Отчет связывает Los Pollos и RichAds с операциями по распространению вредоносного ПО

Новое исследование Infoblox Threat Intel раскрывает скрытый альянс между крупными киберпреступными группами, такими как VexTrio, и, казалось бы, законными фирмами AdTech, такими как Los Pollos, Partners House, BroPush и RichAds. Узнайте, как вредоносное ПО, включая DollyWay, изменило операции, раскрывая общую инфраструктуру и тактику.

Угроза Infoblox Intel раскрыла секретный альянс между двумя киберпреступными группами, VexTrio и, казалось бы, легитимными компаниями AdTech. Это открытие произошло после нарушения работы VexTrio, что заставило многие вредоносные группы перейти на одного, ранее скрытого поставщика.

Расследование началось с нарушения работы системы распределения трафика (TDS) VexTrio. TDS действует как цифровой контроллер трафика, направляя посетителей веб-сайта к контенту.

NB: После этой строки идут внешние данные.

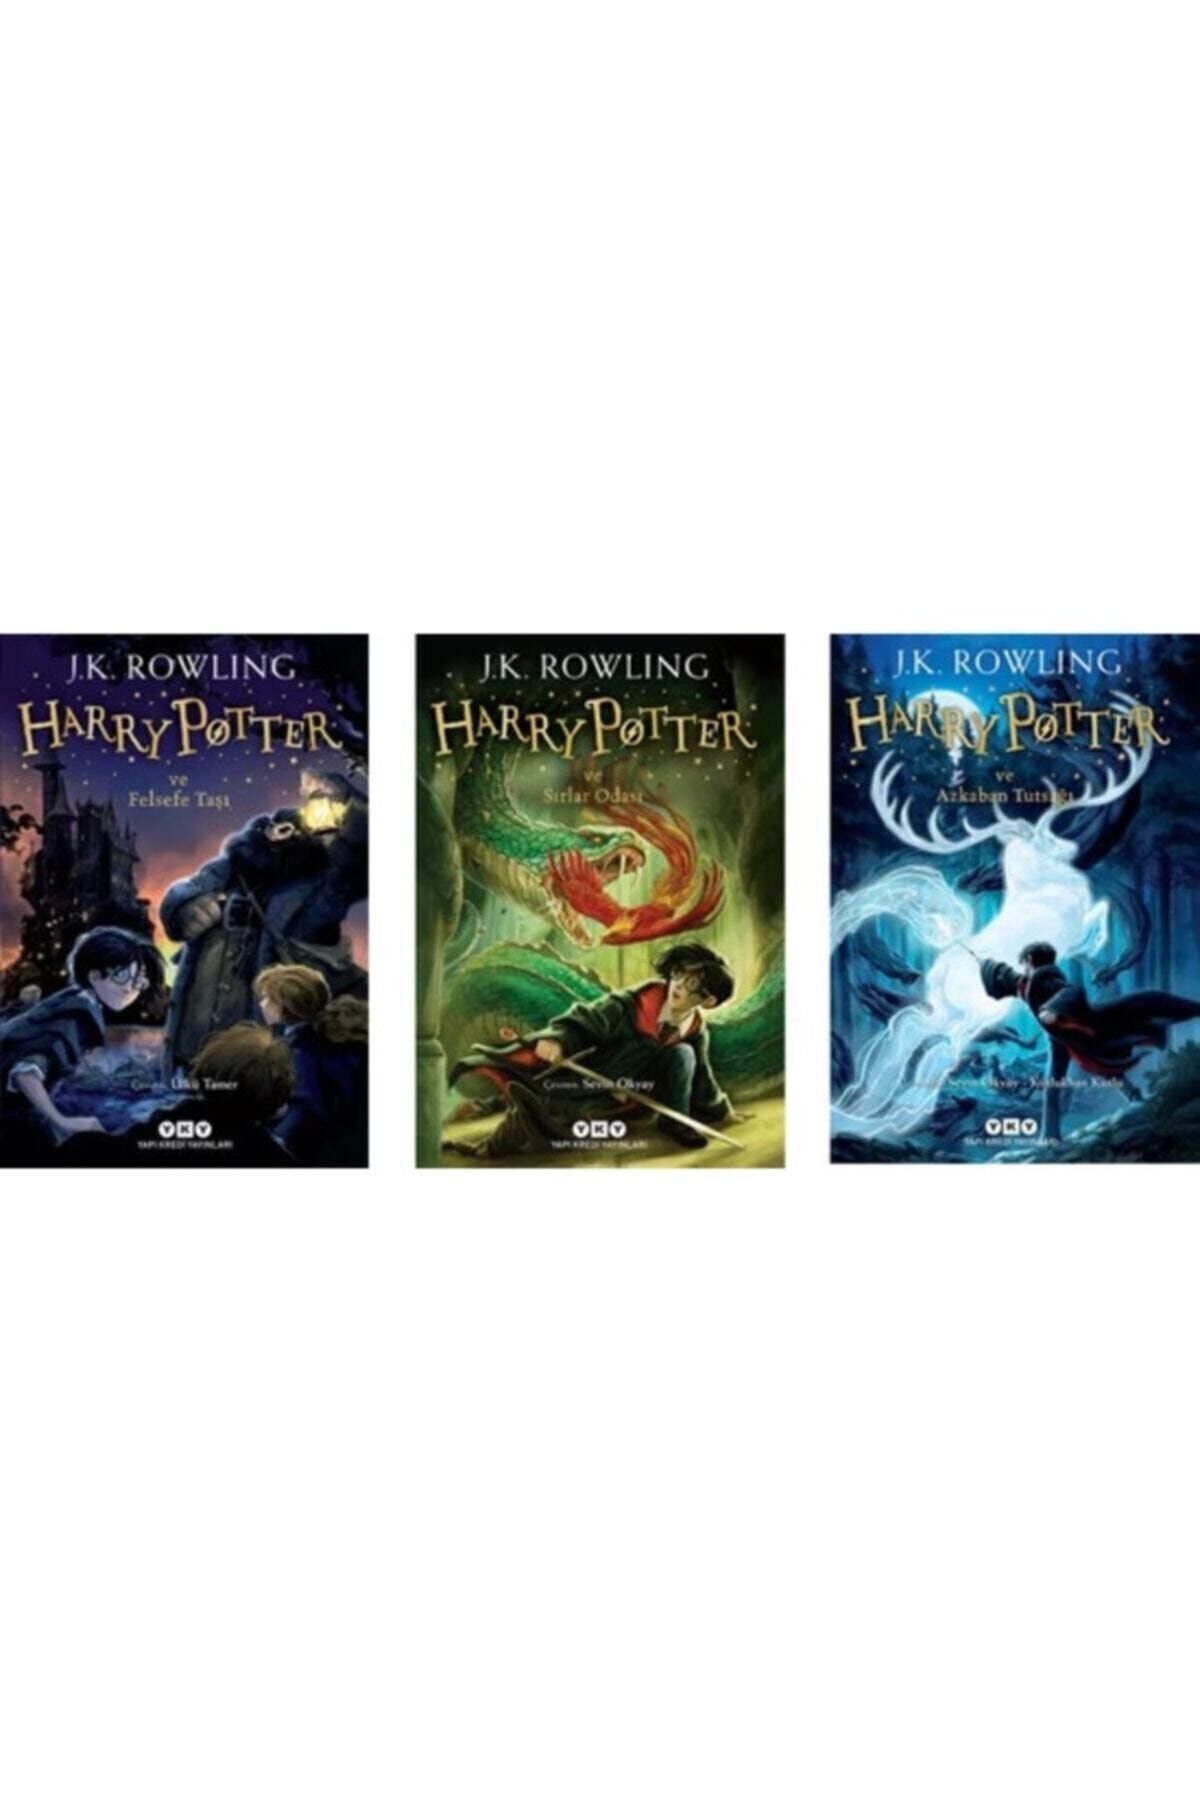 Yapı Kredi Yayınları Harry Potter Serisi 1. 2. 3. Kitaplar 3 Kitap Set - Felsefe Taşı - Sırlar Odası - Azkaban Tutsağı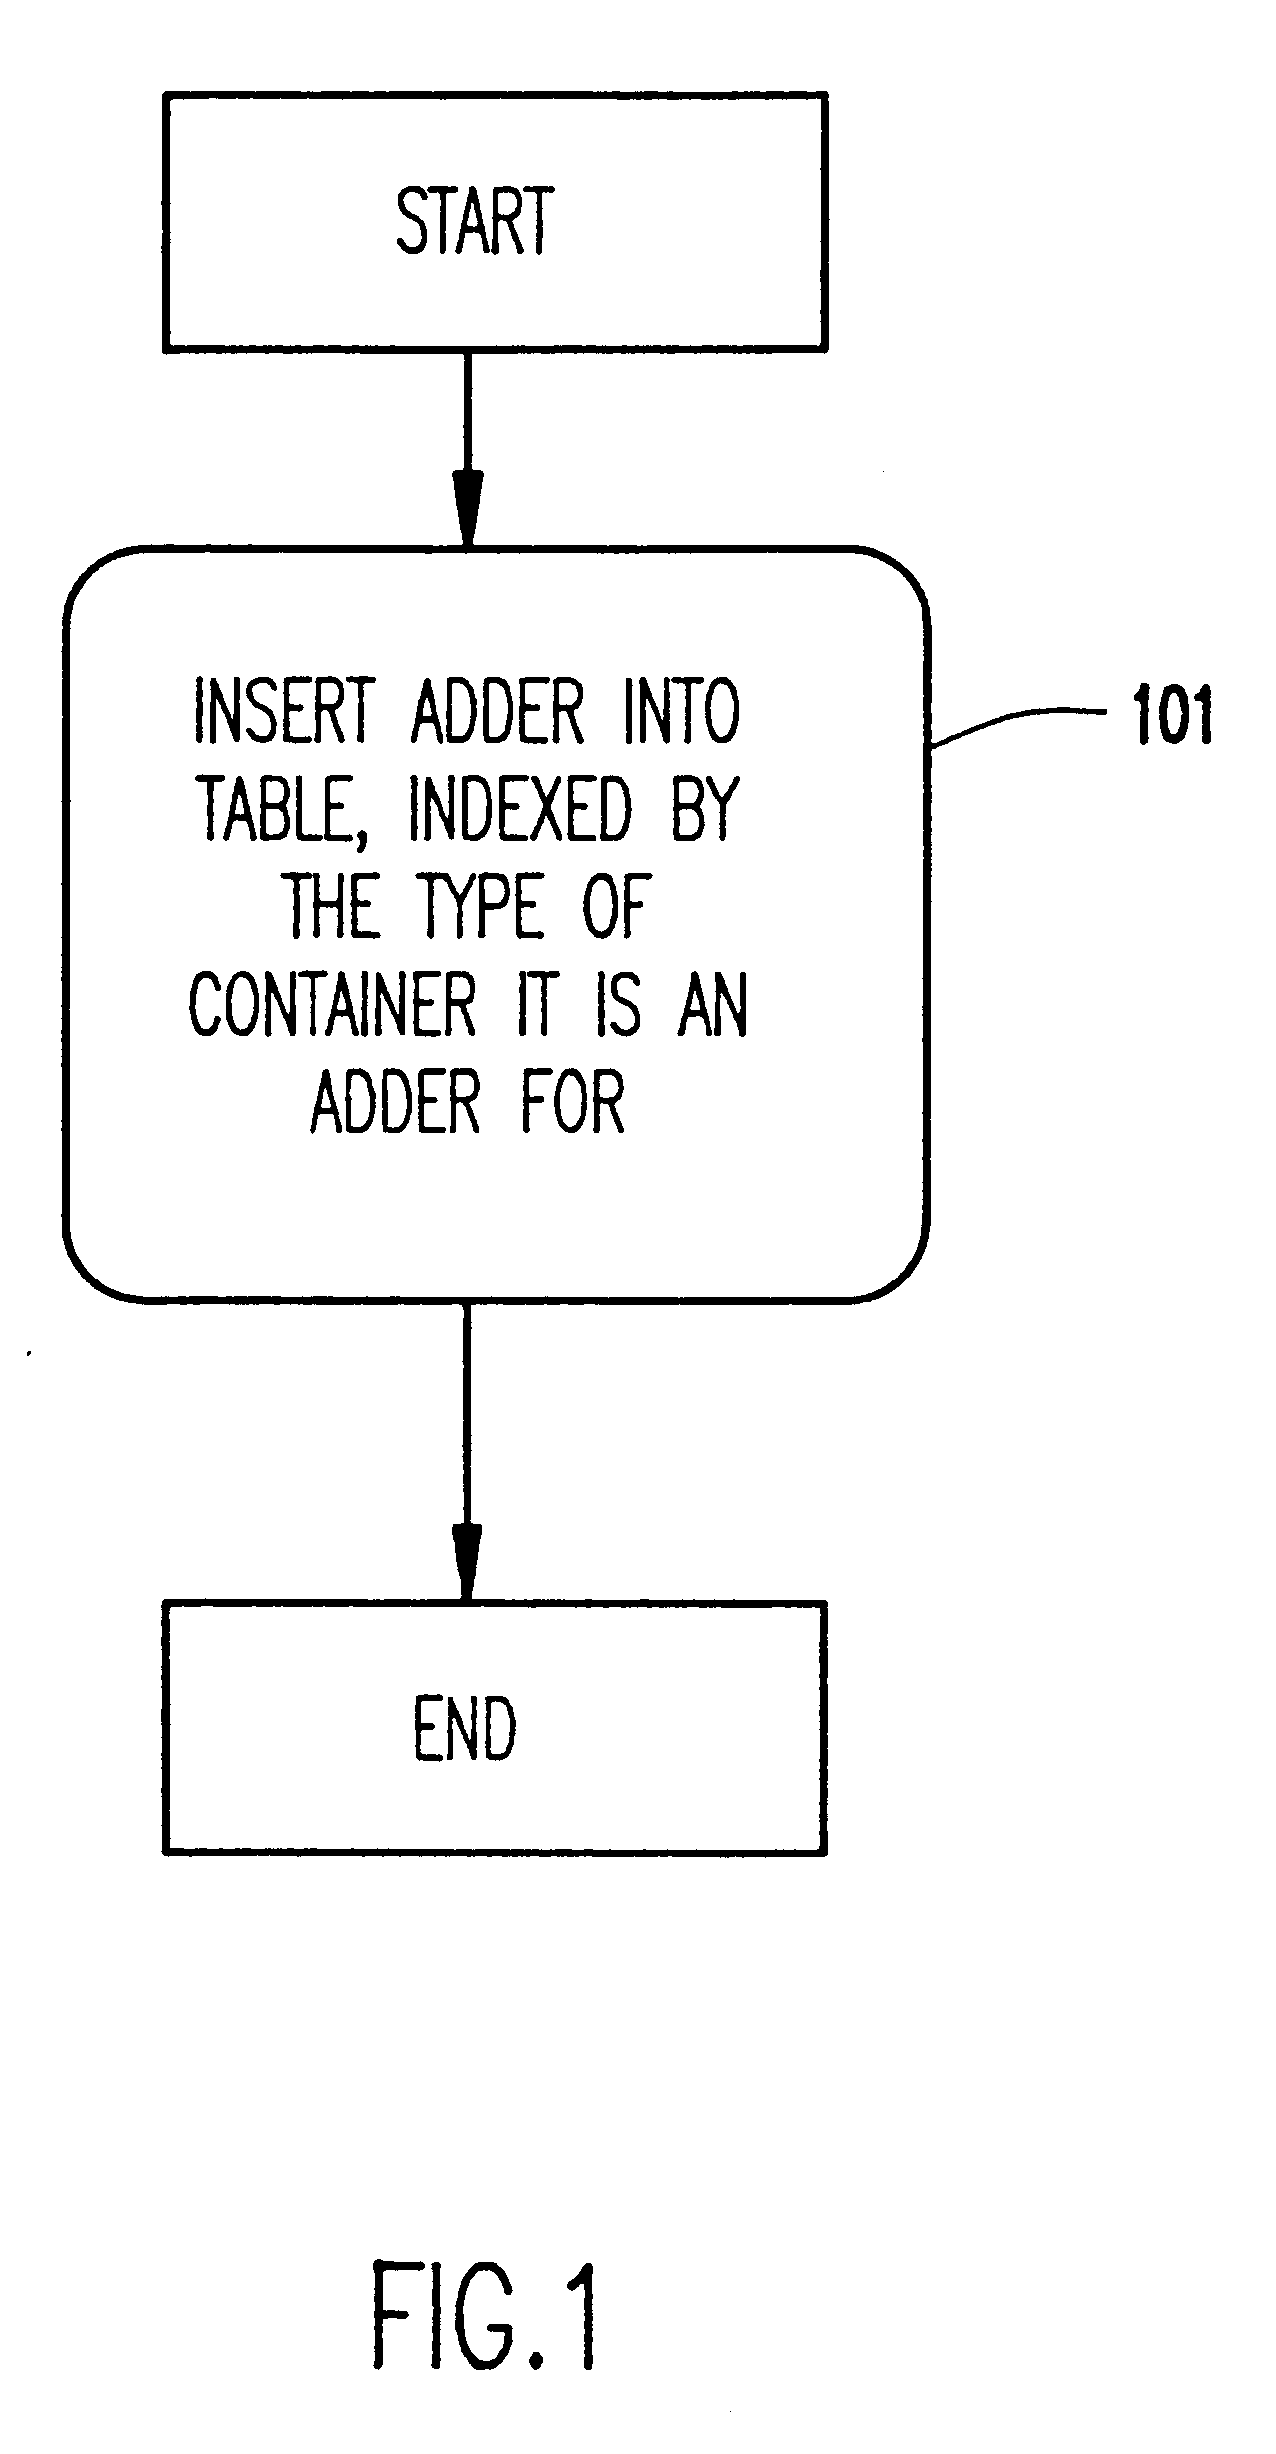 Uniform mechanism for building containment hierarchies

Однако вредоносная TDS отправляет пользователей на вредоносные сайты с вредоносным ПО или мошенничеством, часто «маскируя» или скрывая свою истинную природу. Когда TDS VexTrio была нарушена, злоумышленники неожиданно переместились на то, что казалось новой TDS, но это была та же самая.

13 ноября 2024 года исследователи Qurium раскрыли , что швейцарско-чешская AdTech-компания Los Pollos была частью VexTrio. Это было обнаружено, когда российская группа Doppelganger использовала «умные ссылки» Los Pollos (ссылки, которые операторы вредоносного ПО используют для отправки трафика на вредоносный AdTech TDS, что приводит людей к поддельным приложениям или мошенничеству). Затем Infoblox и Qurium начали сотрудничать, обмениваясь информацией с другими группами безопасности.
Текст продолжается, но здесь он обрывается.